Some people never can. They may need professional help, either by having individual account management or using a mutual fund. Most people who accumulate lots of money do so through their 401(k) plans. The reason they are so successful is that they generally forget about the investment process. The money is automatically taken out of their pay, so they are effectively dollar cost averaging. They don’t have to agonize over where to put their savings because it automatically comes out of their check and goes into the investments.
People can emulate this with their personal funds by having money taken out of their bank account every month and automatically invested in mutual funds selected through a broker.
When to make an investment it should have an exit plan in mind. How would it make an exit plan? Or do it just buy and hold?
We do have an exit plan when we invest. One, if the company fails to live up to the assumptions we had when we bought, then we sell. Two, we set an upper limit of value when we buy, and when the stock reaches that price we re-analyze. And if nothing justifies the price, we will sell. Now, in most cases stocks don’t rocket through the roof or go down like crazy after you buy them. In fact, when we take a position we like the price to stay around where we bought it, giving us more time to get comfortable with market movements. You need to know a lot about the stock you’re buying because some are highly volatile by nature. For example, Applied Materials has a very high beta and it fluctuates a great deal. So just because it may move up or down a lot after you bought it doesn’t mean you should sell it.
When should follow instinct and sell?
Never. Don’t deal on instincts.
Do you think there is too much coverage of investing? Is the media treating the field like a sporting event?

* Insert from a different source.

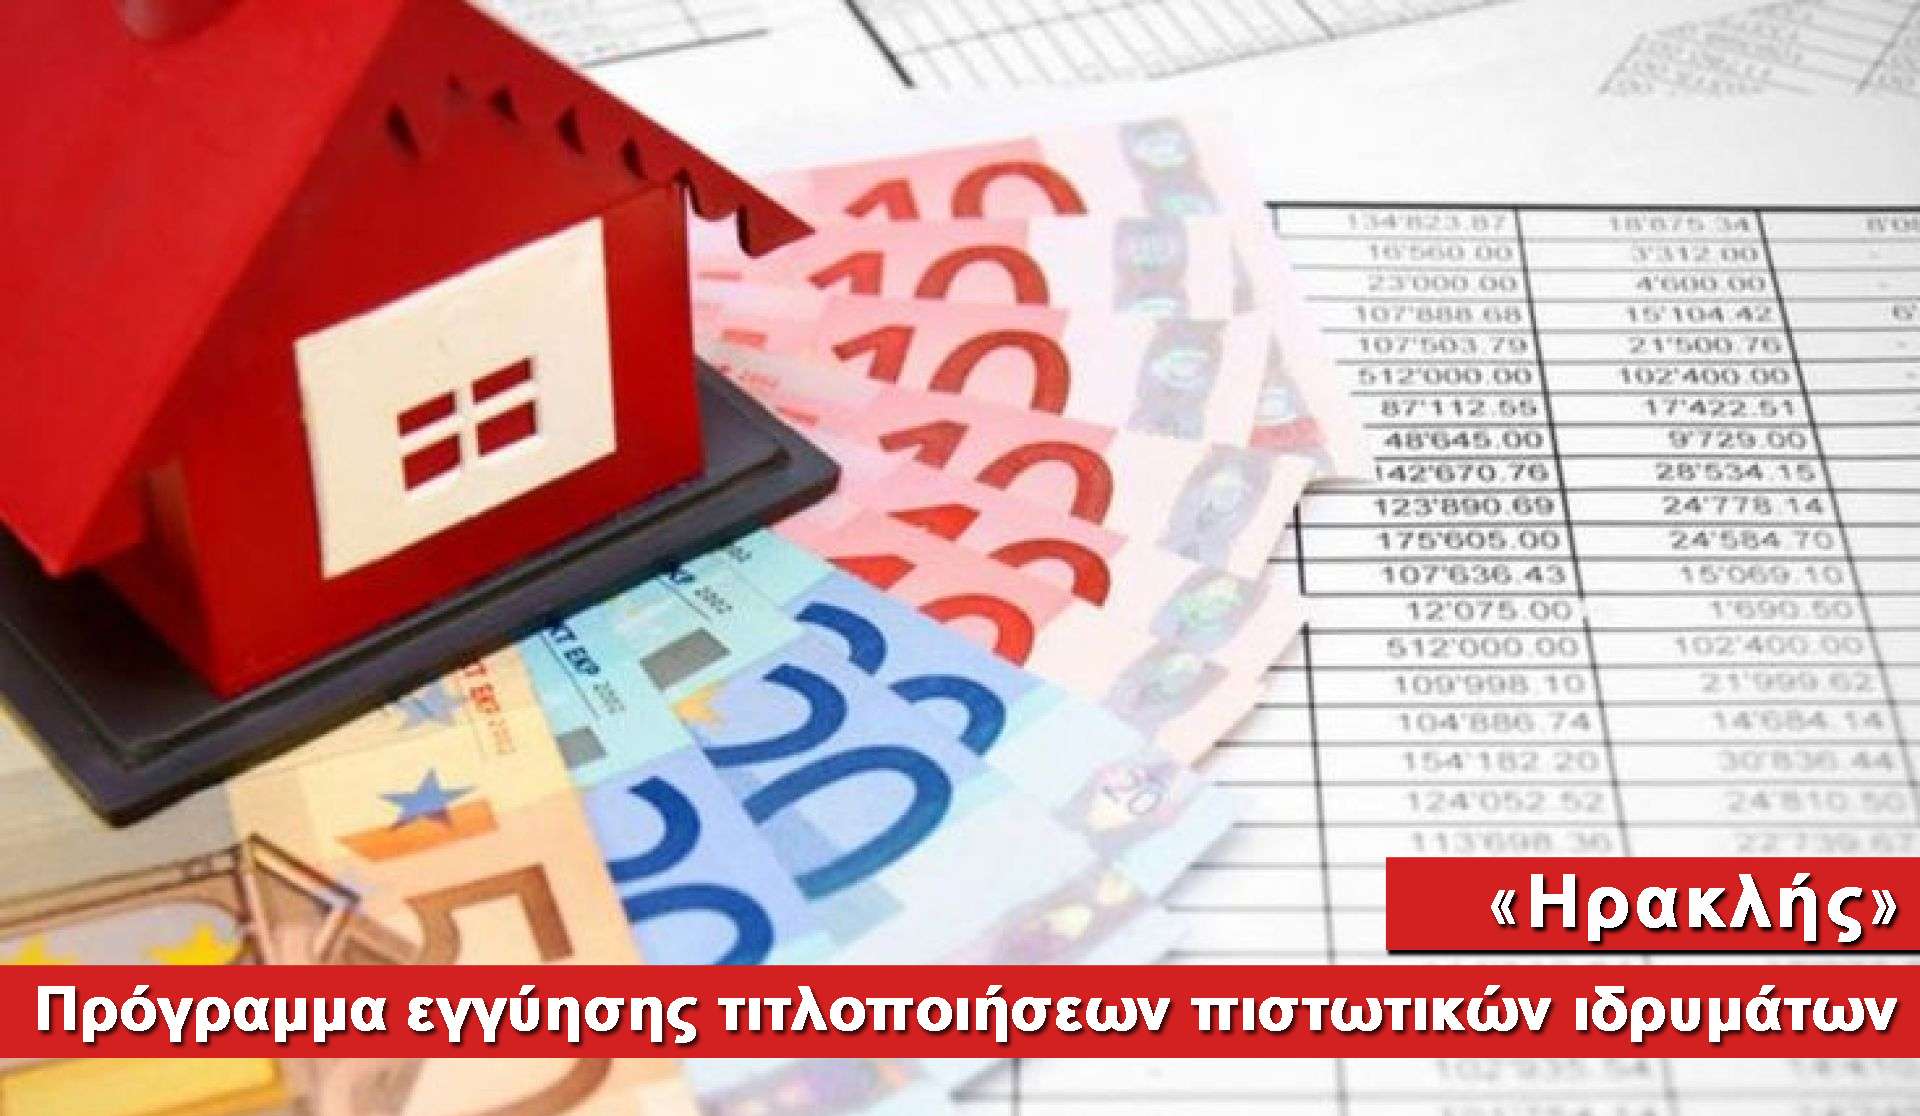 Πρόγραμμα παροχής εγγύησης σε τιτλοποιήσεις πιστωτικών ιδρυμάτων «Ηρακλής»
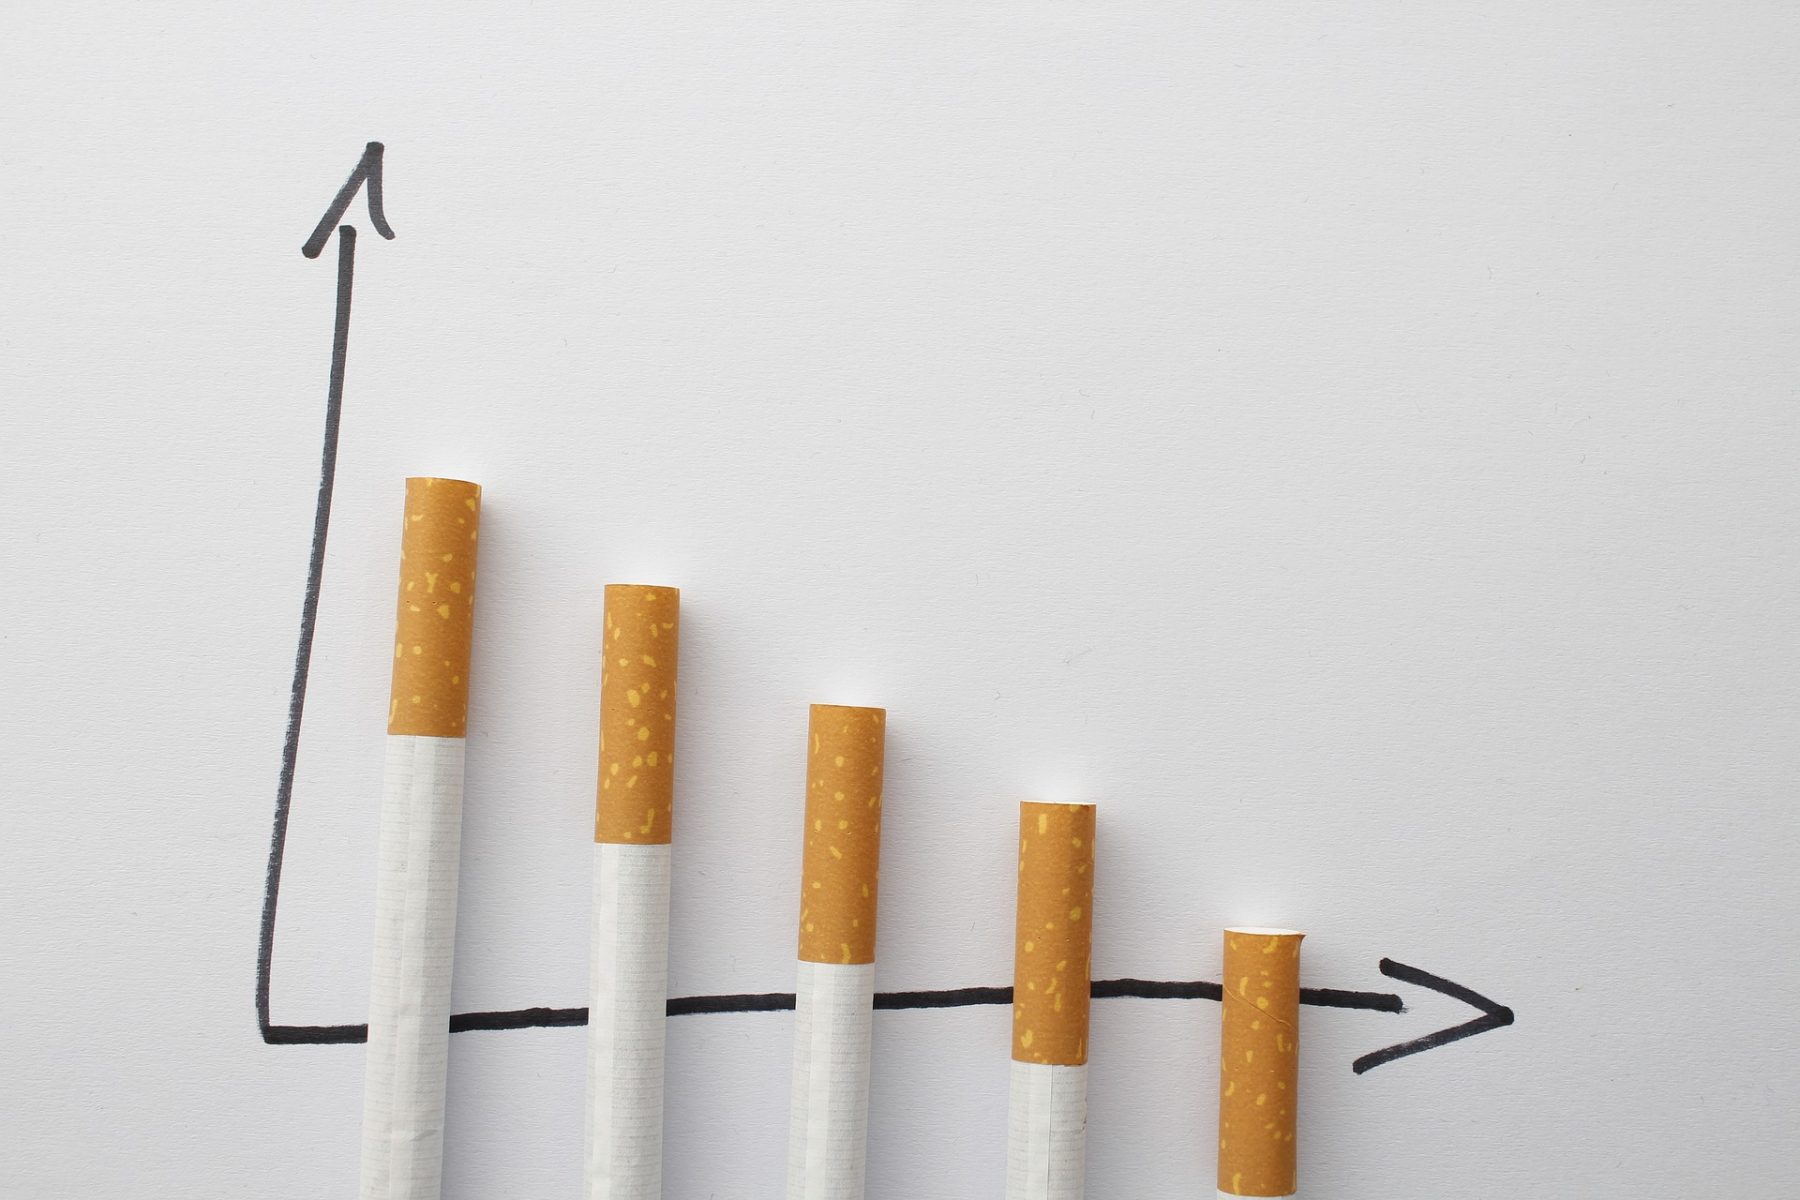 Καναδάς τσιγάρα μενθόλης: Η απαγόρευση τσιγάρων με γεύση μέντα έφερε μείωση σχεδόν 5% στις πωλήσεις

Yes, I do. And as part of the media myself, I can say that the only time we get huge coverage is when we have a milestone breakthrough on the way up, like 10,000 on the Dow. But more often than not it’s when the market “crashes.” The press likes bad news — if it bleeds it leads!
How do you filter out the noise from commentators and news sources today from the real investment information?
Only by practice. It’s very difficult to assess what’s important and what isn’t. The important factors are the fundamental reasons for purchasing the stock, not the day-to-day changes in the markets. Most commentators and TV programs talk about market changes, not about the fundamentals of the individual companies in which you’re investing. Ignore the market noise and concentrate on the factual information provided about the companies in which you are investing.
With Nasdaq stocks getting clobbered lately, what would you say to investors whose plans call for holding those stocks for the long term? How should someone keep from hastily selling?
I think that if they have a long-term perspective on investing then they should try to ignore short-term price movements. Also, they should probably not have all of their money in highly volatile Nasdaq stocks. They should diversify over a broader range of stocks.
What is considered a high beta for a stock?
You should think of beta as relative to the market. A stock with a beta of 1 moves on average the same as the stock market. If the stock market is up 10 percent, the stock on average will be up 10 percent. If the stock market goes down 10 percent, the stock will go down 10 percent. A beta of 1.5 (high beta) will fluctuate 50 percent more; hence if the market goes up or down 10 percent, the stock will go up or down 15 percent. A high beta means high volatility.
Do you feel that high-tech stocks are overvalued? With their recent price declines, will they ever bounce back and make a profit?
I don’t think that high-tech stocks are overly expensive. However, I’m talking about real companies that have real products and make real money. I’m not talking about dot-com stocks. A number of stocks in the high-tech industry have high price/earnings (P/E) ratios, but their strong earnings growth justifies them. The key phrase is EARNINGS.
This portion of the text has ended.